America’s congregations are fairly good at resisting direct threats. This past October, for example, lawyers working for the mayor of Houston, Annise Parker, issued subpoenas demanding the text of church sermons preached on “sexuality and gender identity” in opposition to the city’s new gay-rights ordinance. The speed with which Parker fled from the resulting national outcry was almost comic. She still thinks she was right to threaten the local churches, but, well, “I don’t want to have a national debate on freedom of religion,” she admitted as she ordered the subpoenas rescinded. She just wanted the local Houston churches to get their minds straight, and the national attention thwarted that well-intended plan of intimidation.

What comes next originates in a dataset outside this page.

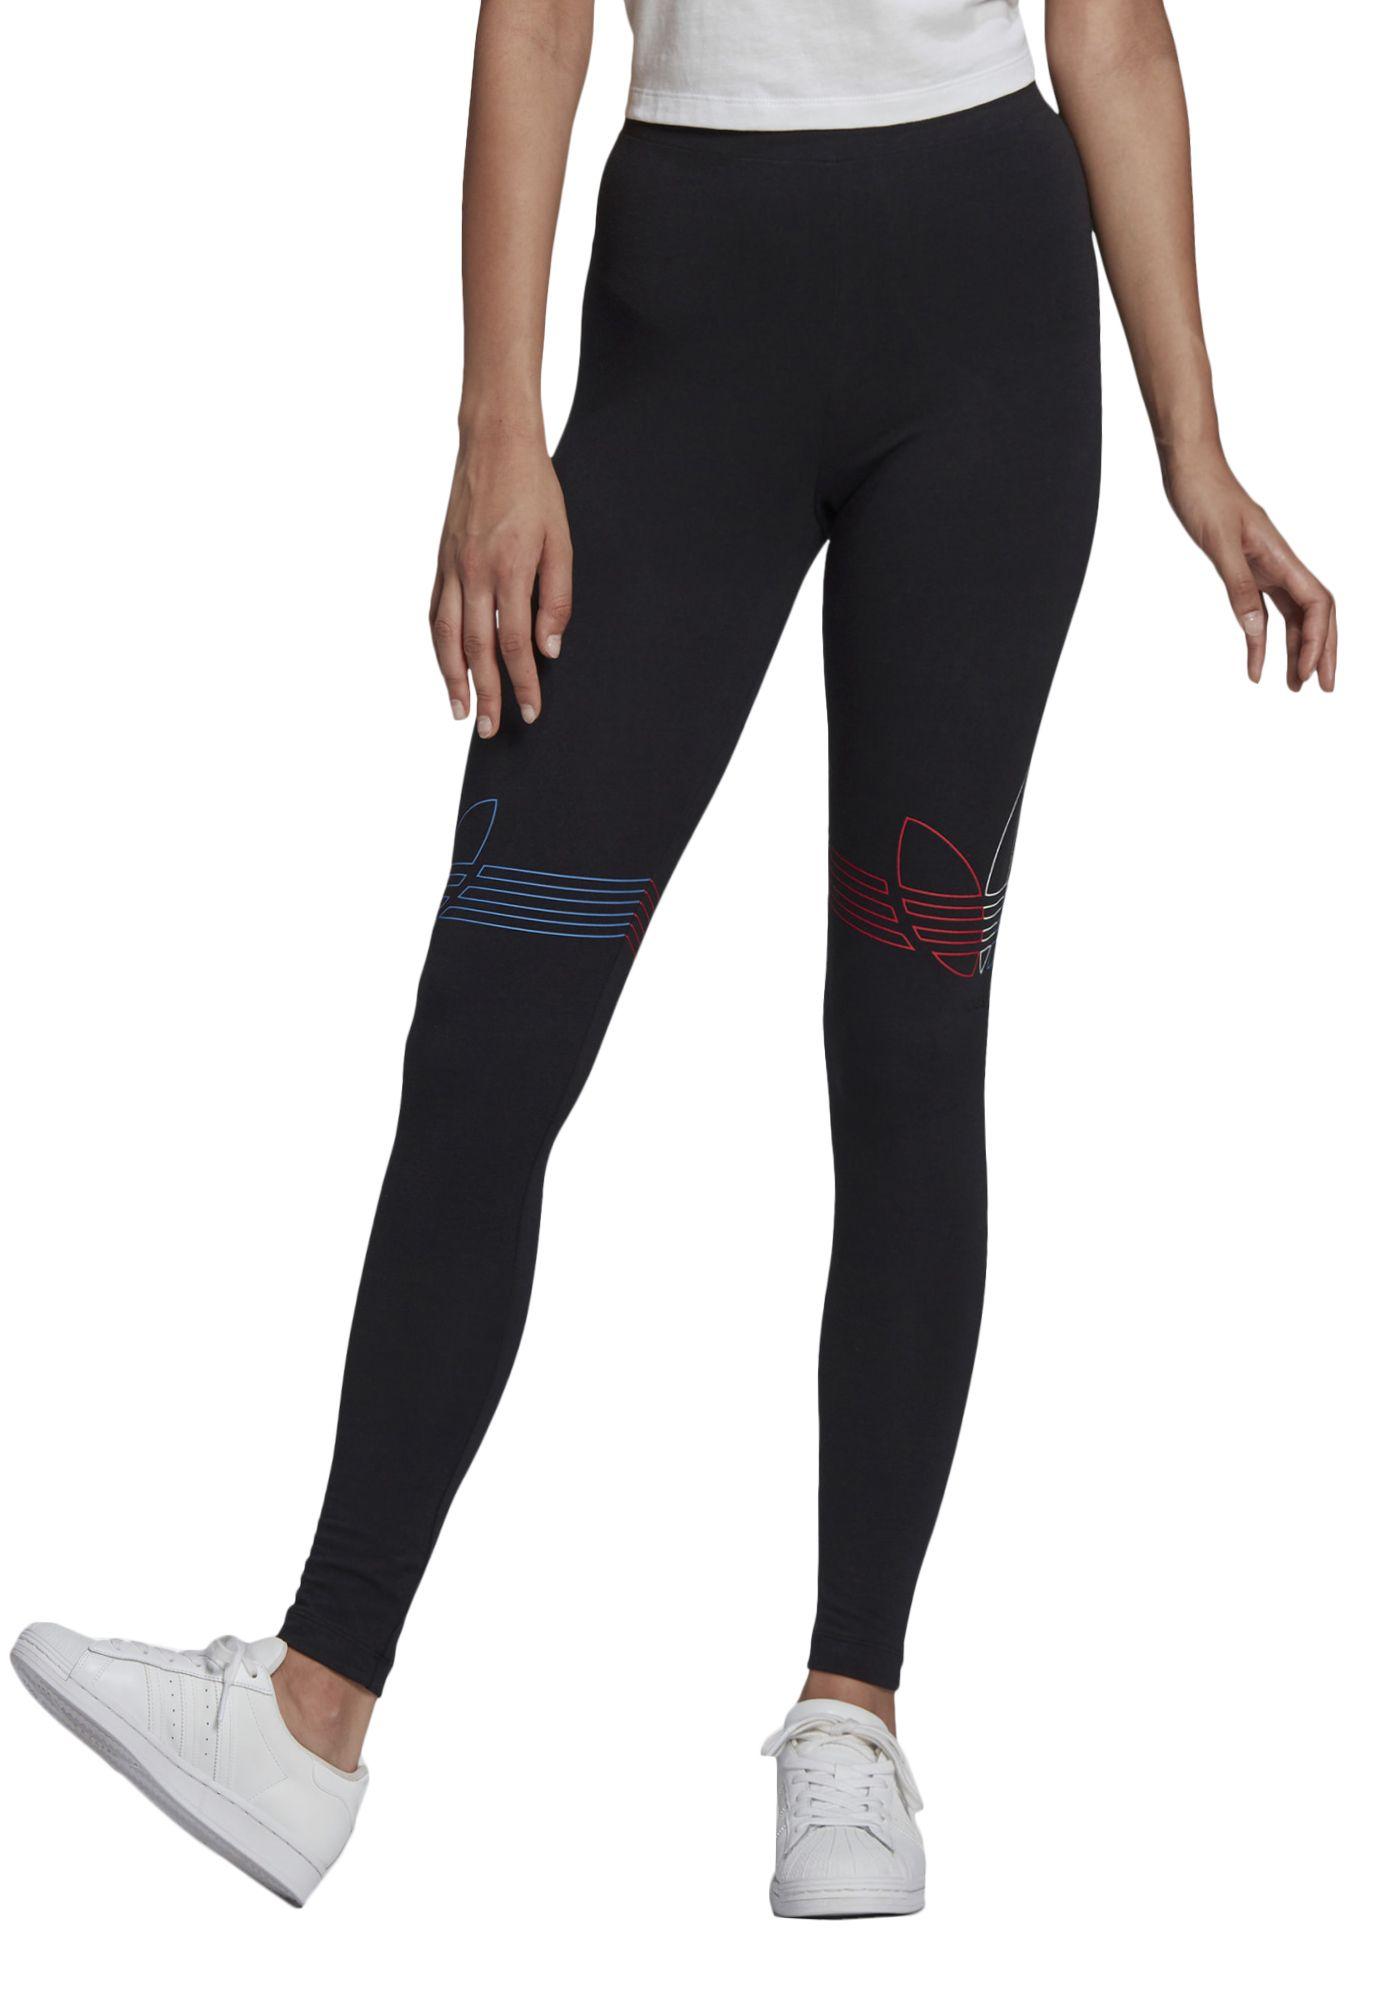 Calças Adidas TIGHTS Black

But if they’ve been good at resisting the king’s order, America’s congregations have proved less good at resisting the king’s coin. For a church like Forestville New Redeemer Baptist, $744 a year is serious money—money needed for food programs and missionary work and replacements for the fraying hymnals. Money needed for this winter’s heating bill, for that matter. “Once Uncle Sam finds a way to take your money,” Pastor Thomas told the Post, “he doesn’t stop.” So why not take the deal that the smiling Adam Ortiz is offering? It’s not as though the churches are opposed to environmentalism, after all. Stewardship of God’s creation is a principle written right there in the Bible.

What’s also written in the Bible is the command to render unto God that which is God’s. Nothing should make pastors more suspicious of preaching on a particular topic than money offered for sermons on that topic. No church in America ought to take that bribe.

Maybe even more to the point, no government official ought to offer it.

Joseph Bottum is a contributing editor to The Weekly Standard and the author of An Anxious Age: The Post-Protestant Ethic and the Spirit of America.